Investment in 403(b) plans jumped in 2012

By BenefitsPro


By Paula Aven Gladych

Investment in 403(b) plans continues to rise as both plan sponsors and participants upped their dedication to the retirement savings plans in 2012.

The fifth annual 403(b) plan survey from the Plan Sponsor Council of America found that the majority of 403(b) organizations contributed to their plans in 2012, with the average contribution nearly 10 percent higher than 2011. It also identified opportunities in the 403(b) space that financial advisors and third-party administrators could benefit from.

Sponsored by the Principal Financial Group, the benchmarking survey looks at trends in retirement plans sponsored by nonprofit organizations and public schools, colleges and universities.

It found that the percentage of participants contributing to plans increased to 66.2 percent in 2012 from 64.3 percent in 2011, and the average deferral rate also jumped up to 5.7 percent from 5.4 percent in 2011.

The number of 403(b) plans permitting Roth after-tax contributions continues to grow. In 2012, 23.8 percent of plans allowed a Roth feature, up from 21.7 percent in 2011 and 10.9 percent in 2007.
More 403(b) plans are allowing those 50 and older to make catch-up contributions and 27.7 percent are now matching those contributions. The survey found that 17 percent of participants made the extra contributions in 2012 compared to 13.4 percent in 2011.

Education became a major focus in 2012, with 70.7 percent of plan sponsors making better use of email, nearly 25 percent using webinars and 54.2 percent holding one-on-one meetings.

Only 11.6 percent of 403(b) participants had outstanding loans in 2012 representing only 1 percent of plan assets, about half the amount that was reported in PSCA’s 2012 survey on 401(k) plans. The number of participants taking a hardship withdrawal from 403(b) plans continued to decline from 1.6 percent in 2011 to only 1.2 percent in 2012.

The survey found a few areas where improvements could be made, areas of opportunity for financial professionals and third-party administrators.

It found that nearly 15 percent of small plans permit Roth after-tax contributions compared to 42.9 percent of larger organizations and that higher-education institutions on average make 65 funds available for participant contributions, two to three times higher than other industries in the survey.

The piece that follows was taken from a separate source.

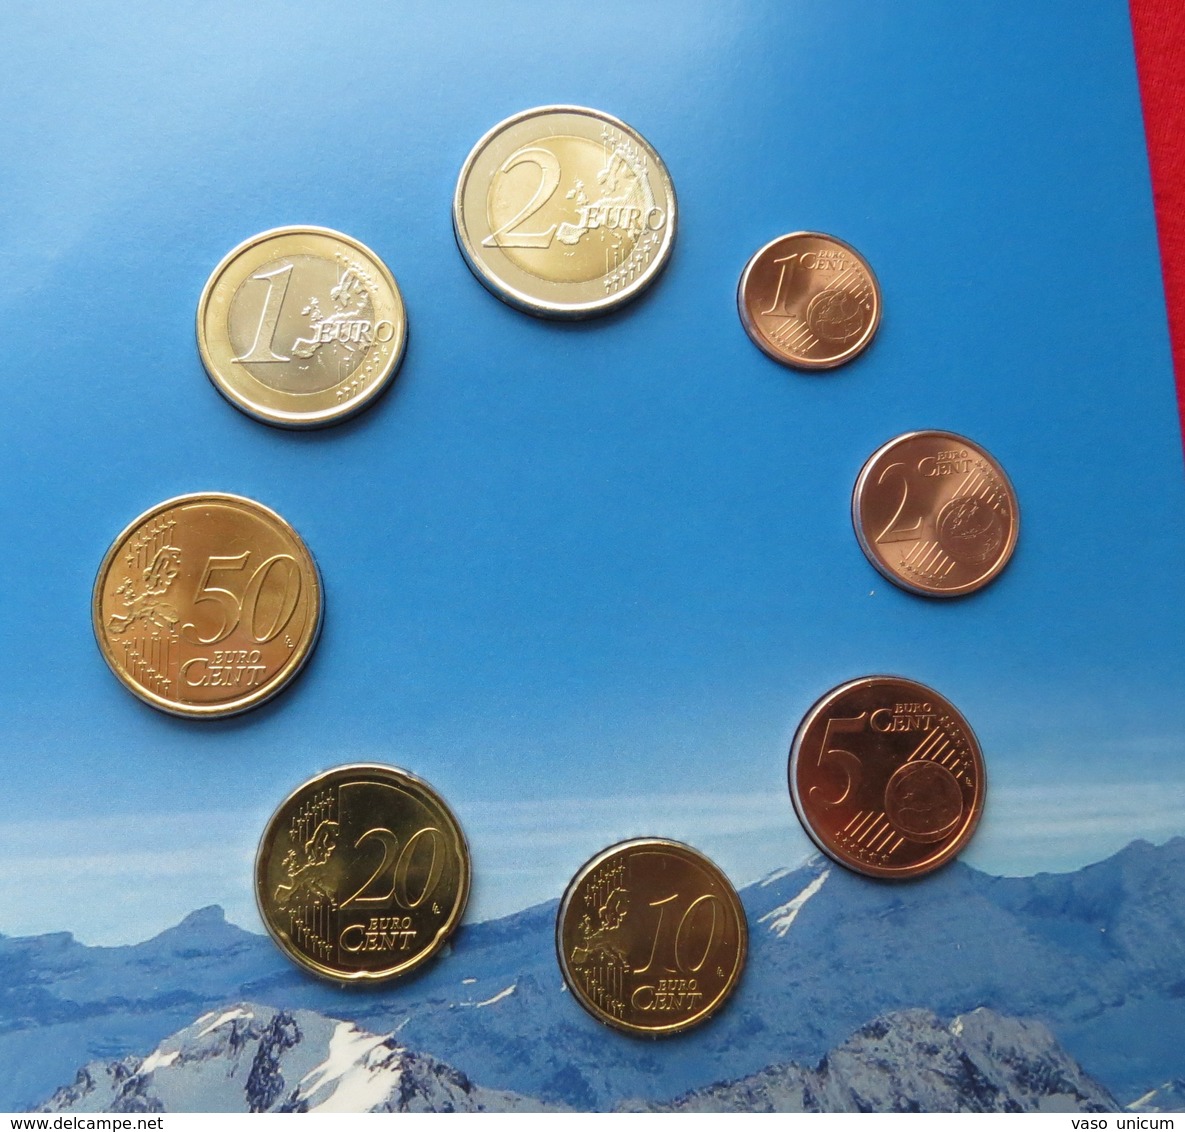 Andorra set 2013 DINER + EURo 2014 folder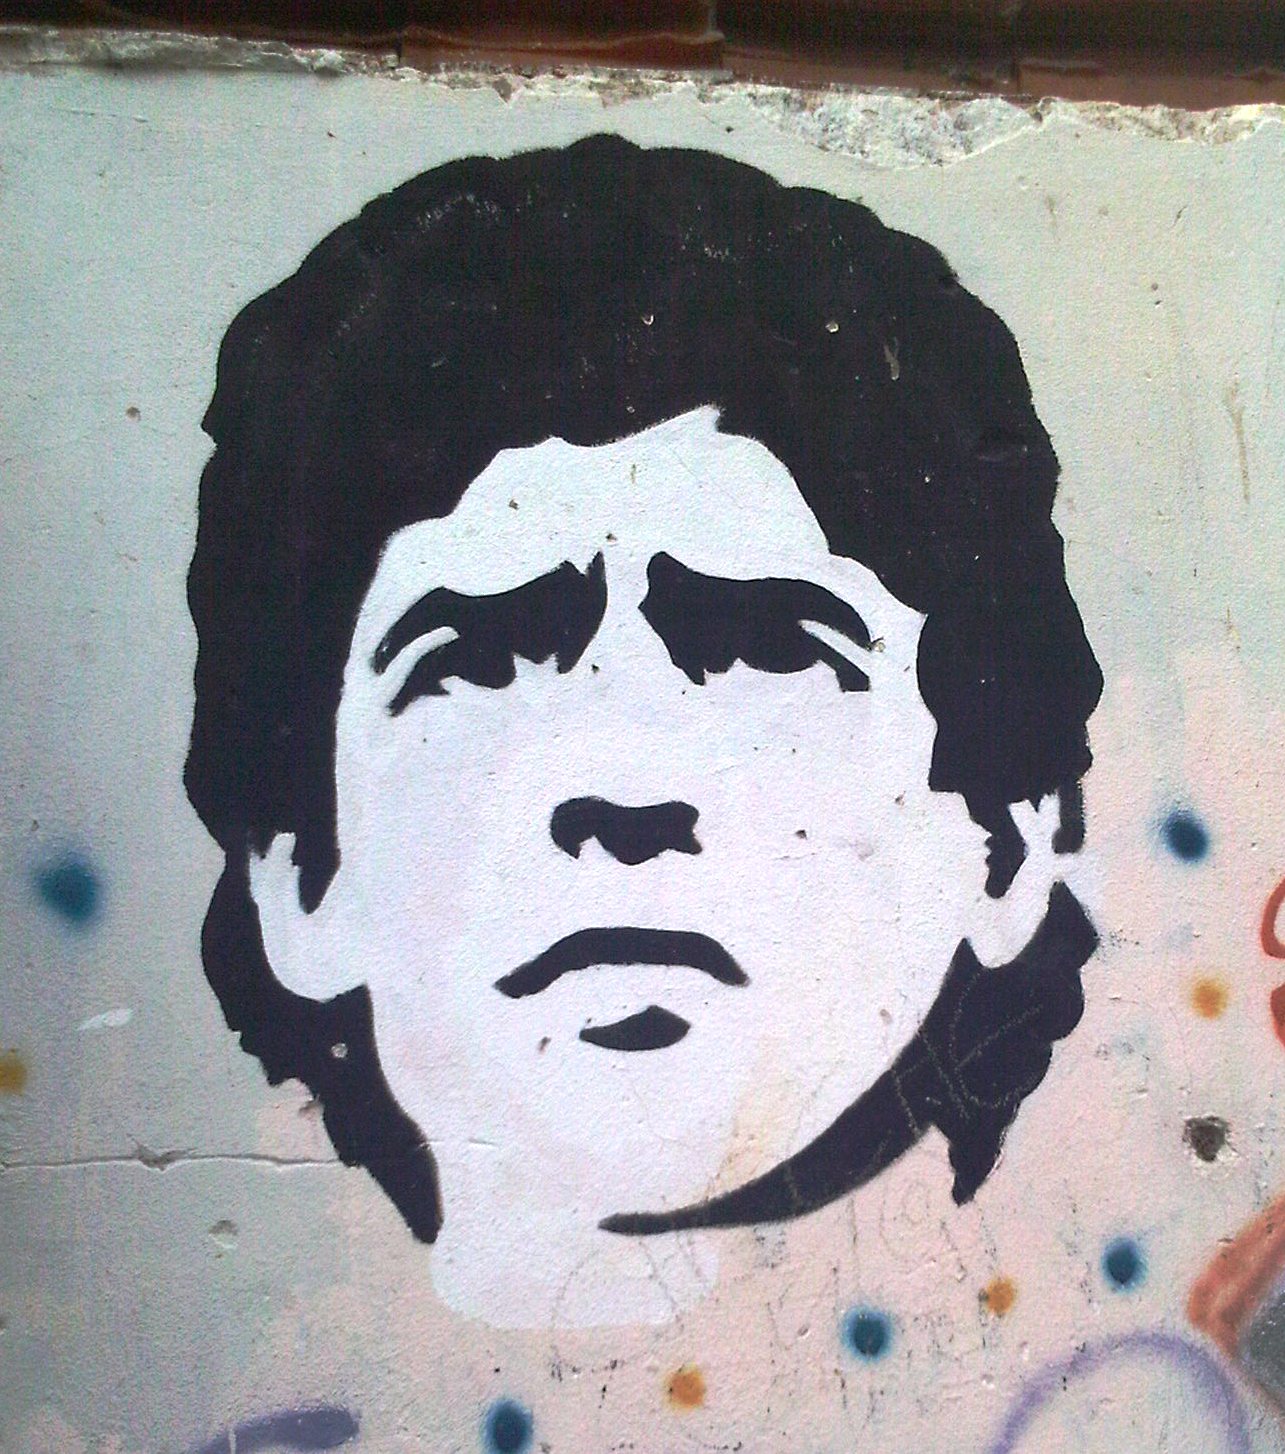 Como deberia ser la bandera argentina de Paz y de guerra? - Página 2 Maradona+stencil.jpg

“The data indicates there are opportunities to help 403(b) sponsors continue to modernize their plans,” said Aaron Friedman, national non-profit practice leader for The Principal. “One of the biggest opportunities may lie with higher education. Nearly half (47.9 percent) of these institutions still use more than one provider and for 40 percent of them, it’s been at least five years since their last RFP.”

The Plan Sponsor Council of America, a national, non-profit association of 1,200 companies and their six million employees, advocates increased retirement security through defined contribution programs to federal policymakers.

The Principal Financial Group is a global investment management company offering retirement services, insurance solutions and asset management.